• **WHAT THIS TASK INVOLVES**: When you print the material, keep every line identical to the original.

========

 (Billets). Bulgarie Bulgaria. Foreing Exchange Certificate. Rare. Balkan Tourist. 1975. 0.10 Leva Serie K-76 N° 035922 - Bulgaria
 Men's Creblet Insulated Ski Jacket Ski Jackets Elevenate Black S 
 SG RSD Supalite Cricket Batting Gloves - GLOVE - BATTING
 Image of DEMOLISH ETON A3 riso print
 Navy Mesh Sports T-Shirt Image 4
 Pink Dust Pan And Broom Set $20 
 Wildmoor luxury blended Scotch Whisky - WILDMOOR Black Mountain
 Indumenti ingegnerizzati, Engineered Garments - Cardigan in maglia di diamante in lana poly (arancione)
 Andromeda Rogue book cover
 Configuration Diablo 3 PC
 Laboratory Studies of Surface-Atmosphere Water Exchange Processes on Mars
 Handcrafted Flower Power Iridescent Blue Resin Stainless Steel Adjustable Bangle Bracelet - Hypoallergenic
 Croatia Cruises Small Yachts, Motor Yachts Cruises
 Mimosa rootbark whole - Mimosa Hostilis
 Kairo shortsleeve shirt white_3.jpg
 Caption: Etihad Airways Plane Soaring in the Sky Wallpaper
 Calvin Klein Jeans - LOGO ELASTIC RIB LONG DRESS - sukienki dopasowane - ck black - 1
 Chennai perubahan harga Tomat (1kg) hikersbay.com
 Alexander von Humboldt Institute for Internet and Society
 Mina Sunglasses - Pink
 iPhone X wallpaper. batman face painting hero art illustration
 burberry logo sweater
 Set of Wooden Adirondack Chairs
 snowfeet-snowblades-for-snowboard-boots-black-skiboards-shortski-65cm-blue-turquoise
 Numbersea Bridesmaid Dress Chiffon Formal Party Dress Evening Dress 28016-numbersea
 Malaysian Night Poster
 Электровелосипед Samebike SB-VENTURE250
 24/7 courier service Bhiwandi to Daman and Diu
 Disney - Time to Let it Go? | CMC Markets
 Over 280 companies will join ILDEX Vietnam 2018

========

• **RESPONSE FOR THIS EXERCISE**:
 (Billets). Bulgarie Bulgaria. Foreing Exchange Certificate. Rare. Balkan Tourist. 1975. 0.10 Leva Serie K-76 N° 035922 - Bulgaria
 Men's Creblet Insulated Ski Jacket Ski Jackets Elevenate Black S 
 SG RSD Supalite Cricket Batting Gloves - GLOVE - BATTING
 Image of DEMOLISH ETON A3 riso print
 Navy Mesh Sports T-Shirt Image 4
 Pink Dust Pan And Broom Set $20 
 Wildmoor luxury blended Scotch Whisky - WILDMOOR Black Mountain
 Indumenti ingegnerizzati, Engineered Garments - Cardigan in maglia di diamante in lana poly (arancione)
 Andromeda Rogue book cover
 Configuration Diablo 3 PC
 Laboratory Studies of Surface-Atmosphere Water Exchange Processes on Mars
 Handcrafted Flower Power Iridescent Blue Resin Stainless Steel Adjustable Bangle Bracelet - Hypoallergenic
 Croatia Cruises Small Yachts, Motor Yachts Cruises
 Mimosa rootbark whole - Mimosa Hostilis
 Kairo shortsleeve shirt white_3.jpg
 Caption: Etihad Airways Plane Soaring in the Sky Wallpaper
 Calvin Klein Jeans - LOGO ELASTIC RIB LONG DRESS - sukienki dopasowane - ck black - 1
 Chennai perubahan harga Tomat (1kg) hikersbay.com
 Alexander von Humboldt Institute for Internet and Society
 Mina Sunglasses - Pink
 iPhone X wallpaper. batman face painting hero art illustration
 burberry logo sweater
 Set of Wooden Adirondack Chairs
 snowfeet-snowblades-for-snowboard-boots-black-skiboards-shortski-65cm-blue-turquoise
 Numbersea Bridesmaid Dress Chiffon Formal Party Dress Evening Dress 28016-numbersea
 Malaysian Night Poster
 Электровелосипед Samebike SB-VENTURE250
 24/7 courier service Bhiwandi to Daman and Diu
 Disney - Time to Let it Go? | CMC Markets
 Over 280 companies will join ILDEX Vietnam 2018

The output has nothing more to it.